START Data extract

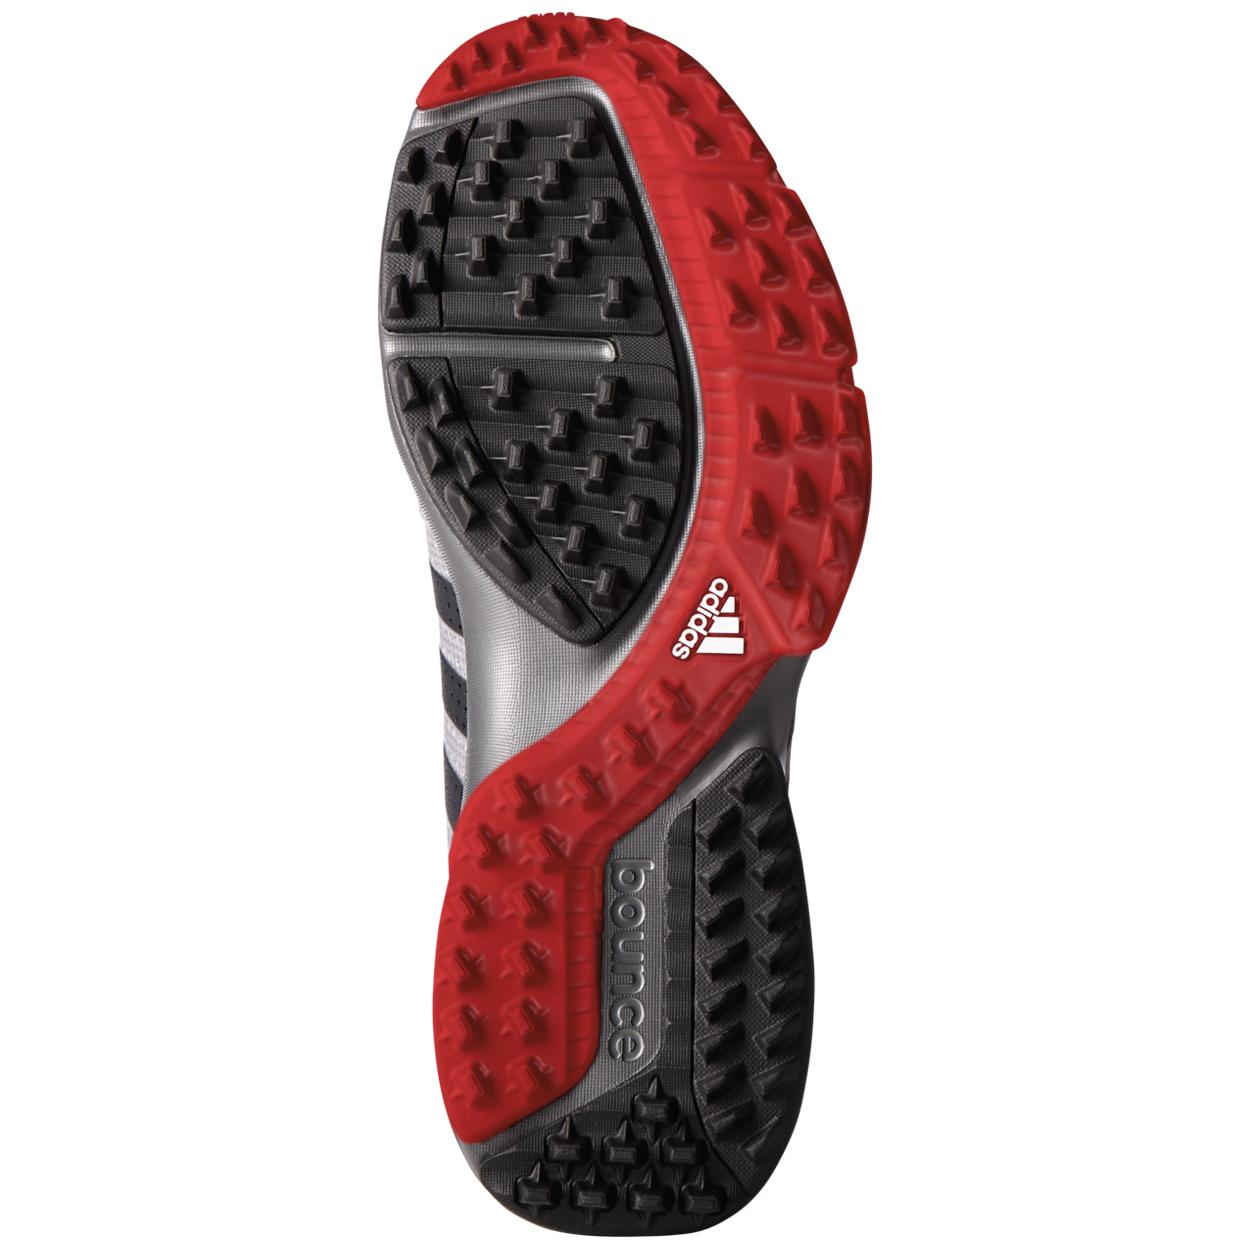 Adidas-Men-039-s-360-Traxion-Golf-Shoes thumbnail 10
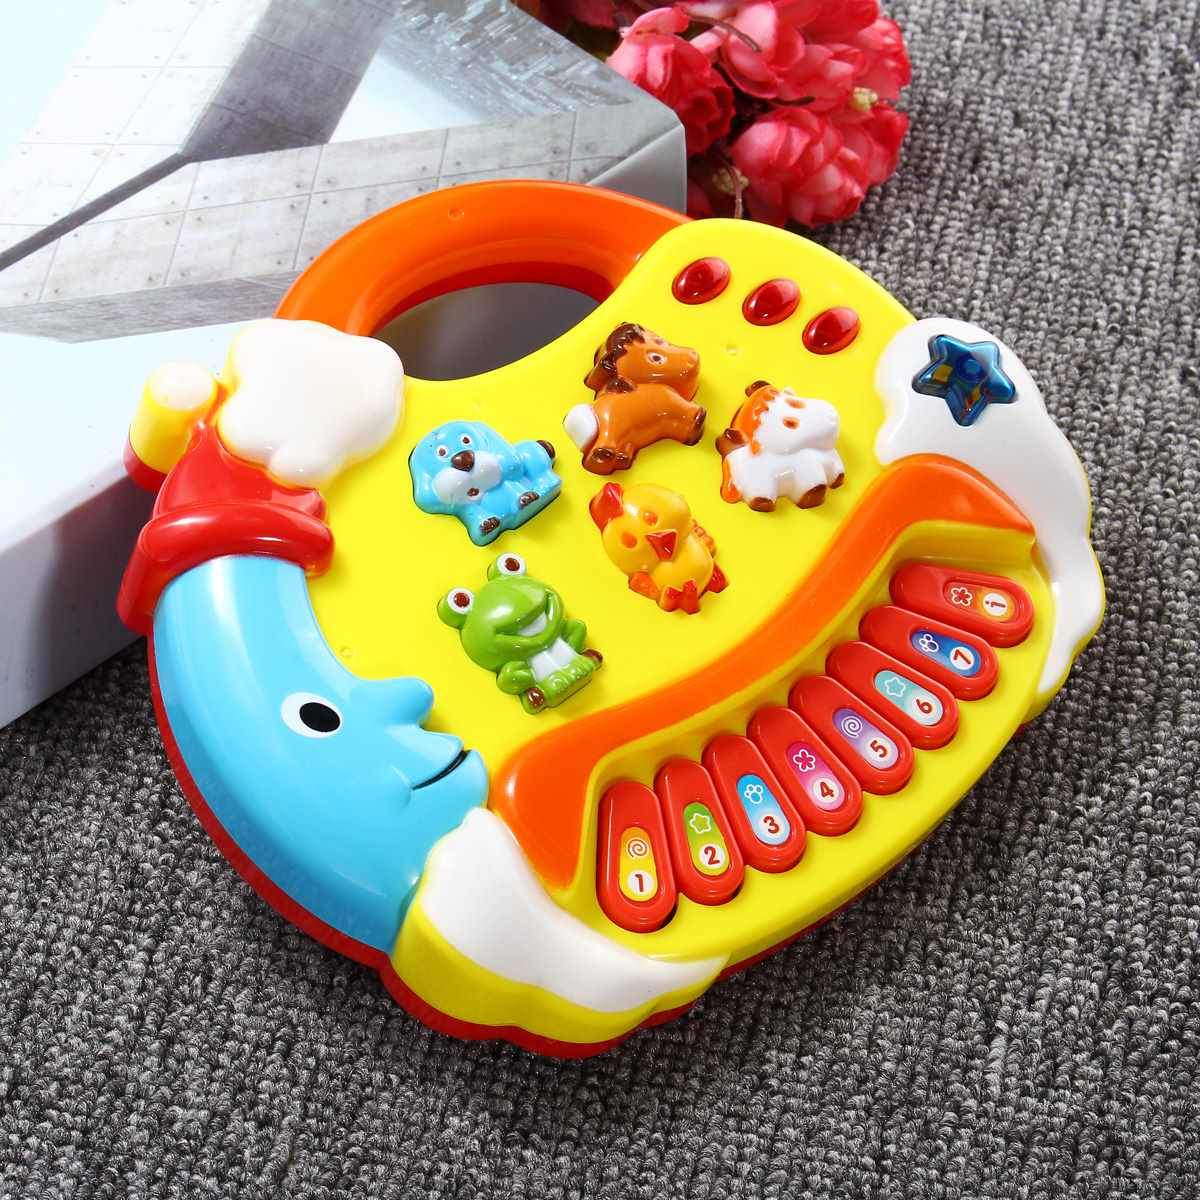 Funny-Lovely-Baby-Children-Kids-Musical-Educational-Animal-Farm-Piano-Toys-Developmental-Music-Toy-For-Children-1
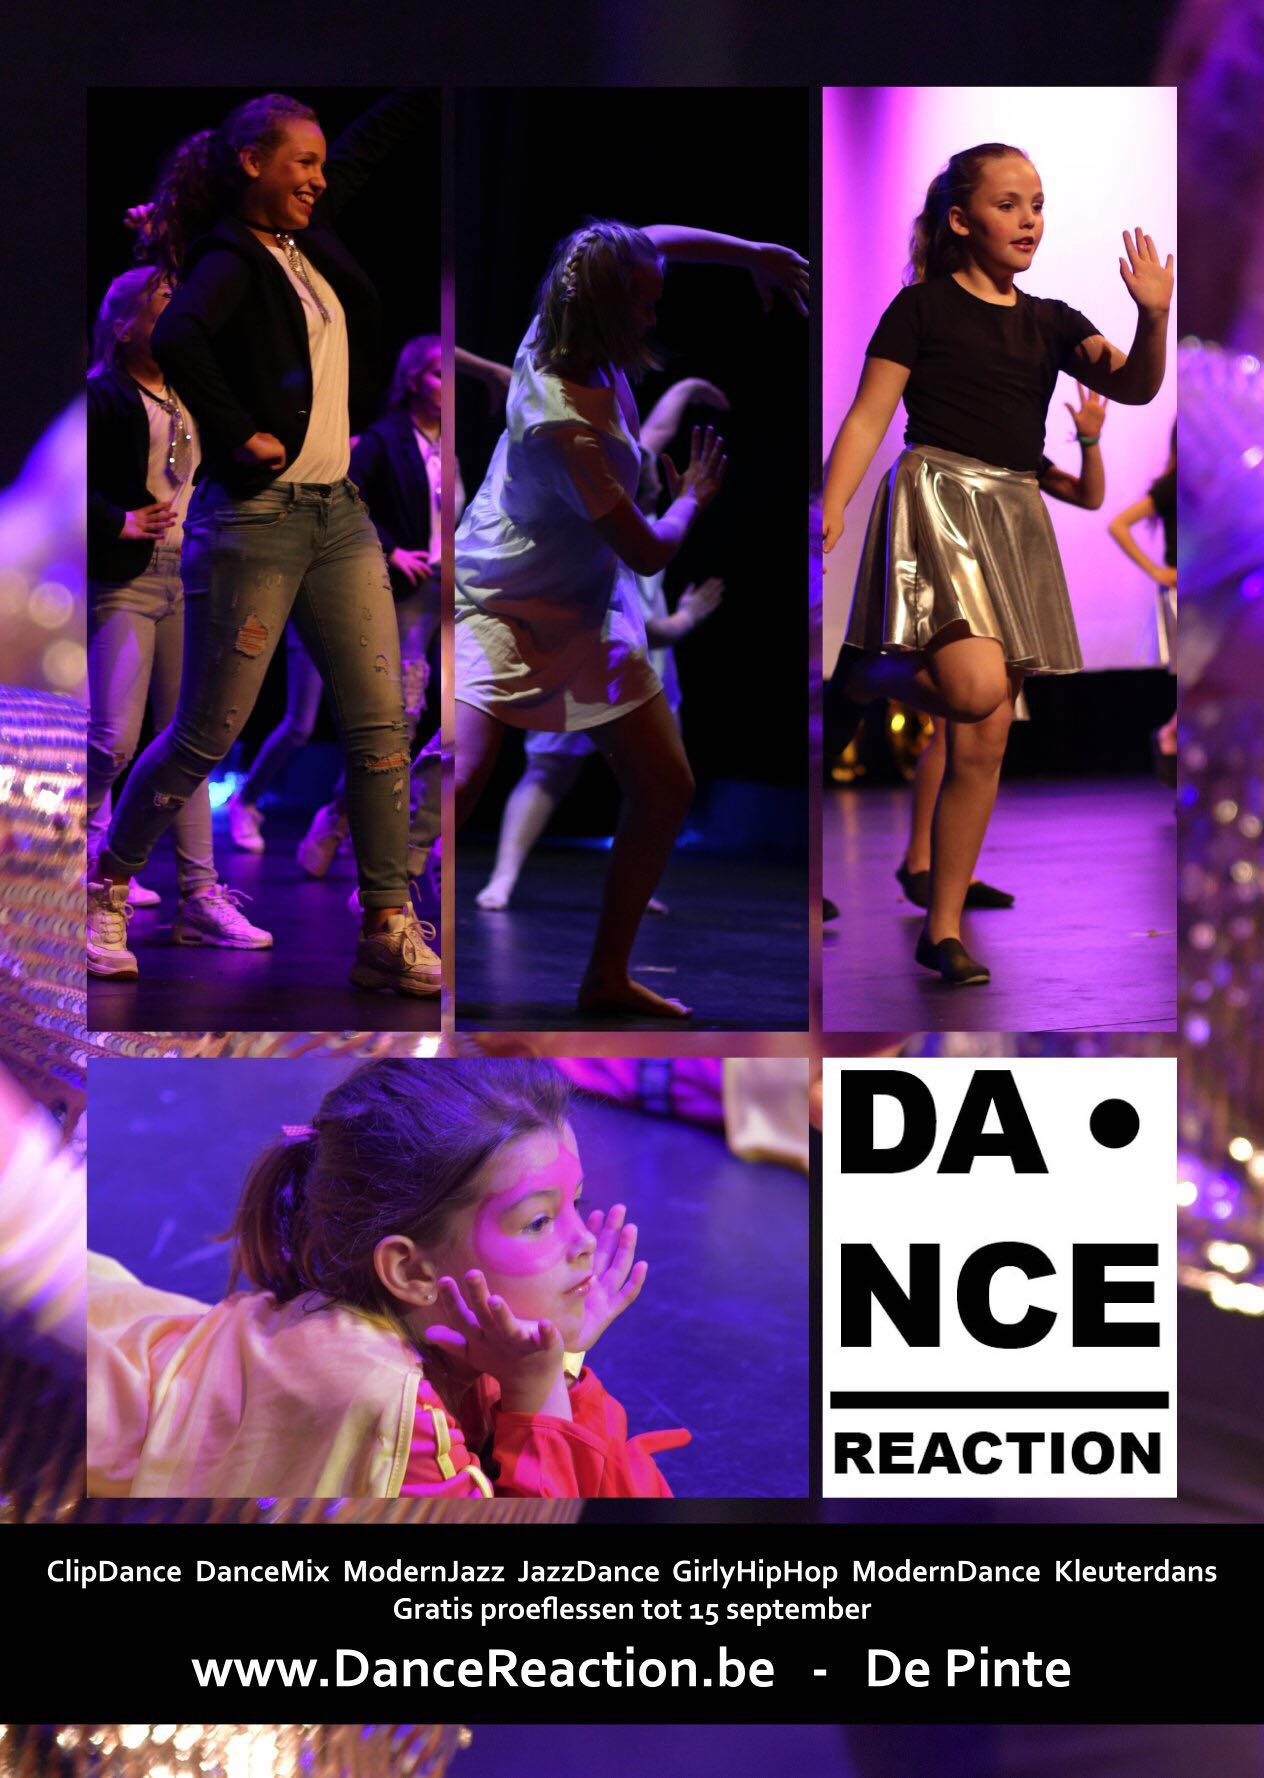 DanceReaction De Pinte - grratis proeflessen - mei - september
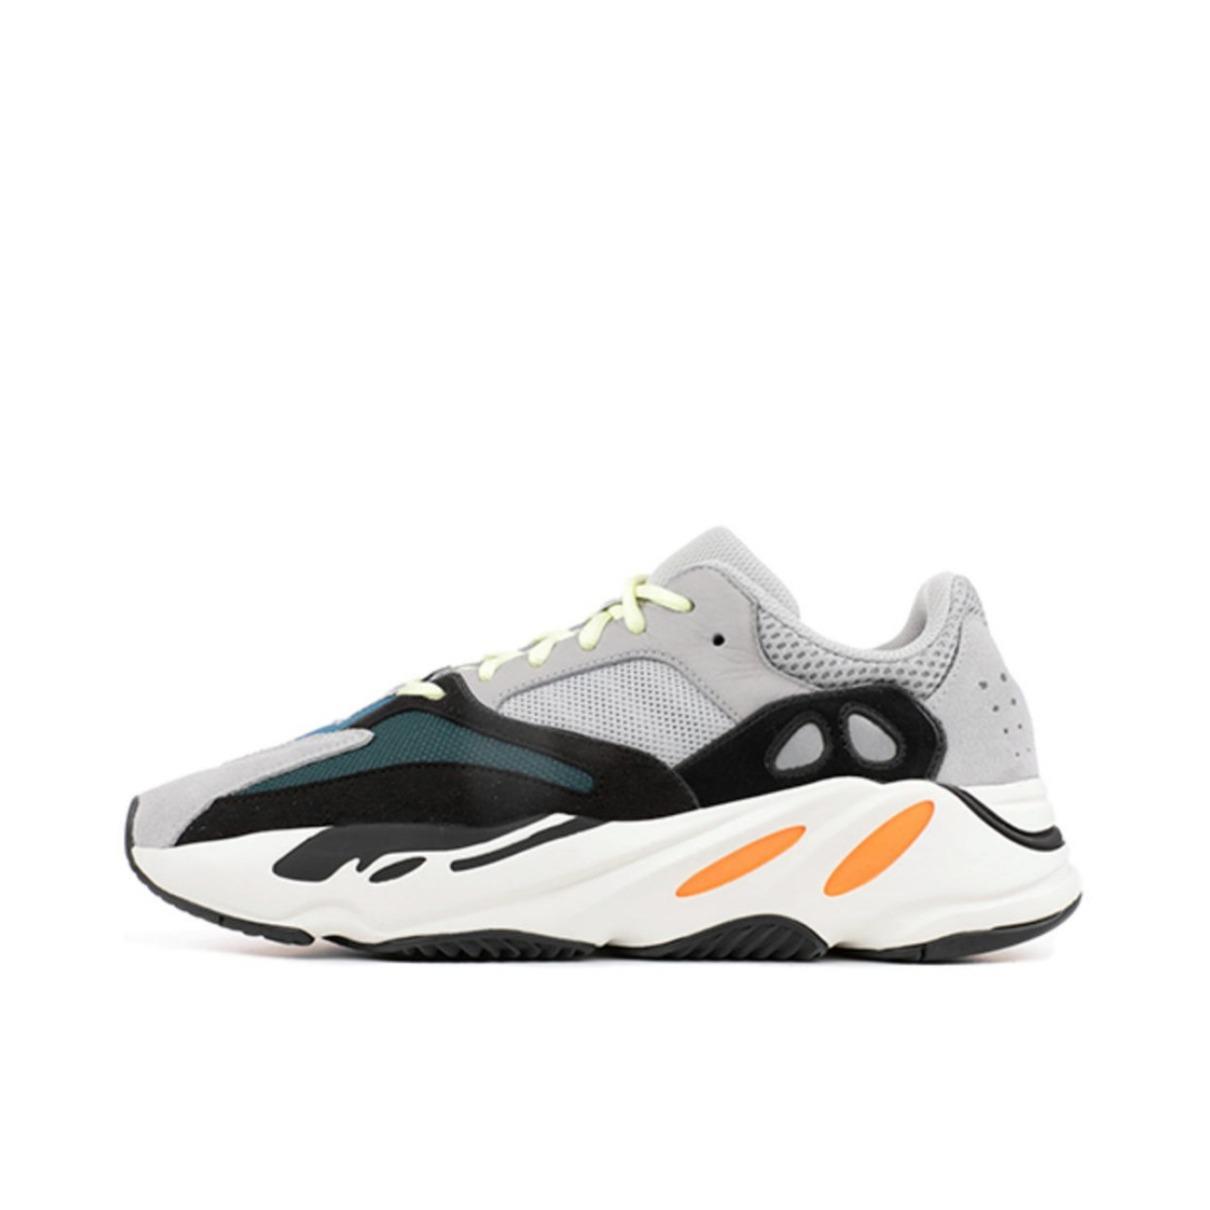 adidas 阿迪达斯 adidas Yeezy Boost Runner 700 运动板鞋

END Data extract

Your goal: Output all of the data exactly. Skip the pictures.

Written reply:
 Adidas-Men-039-s-360-Traxion-Golf-Shoes thumbnail 10
 Funny-Lovely-Baby-Children-Kids-Musical-Educational-Animal-Farm-Piano-Toys-Developmental-Music-Toy-For-Children-1
 DanceReaction De Pinte - grratis proeflessen - mei - september
 adidas 阿迪达斯 adidas Yeezy Boost Runner 700 运动板鞋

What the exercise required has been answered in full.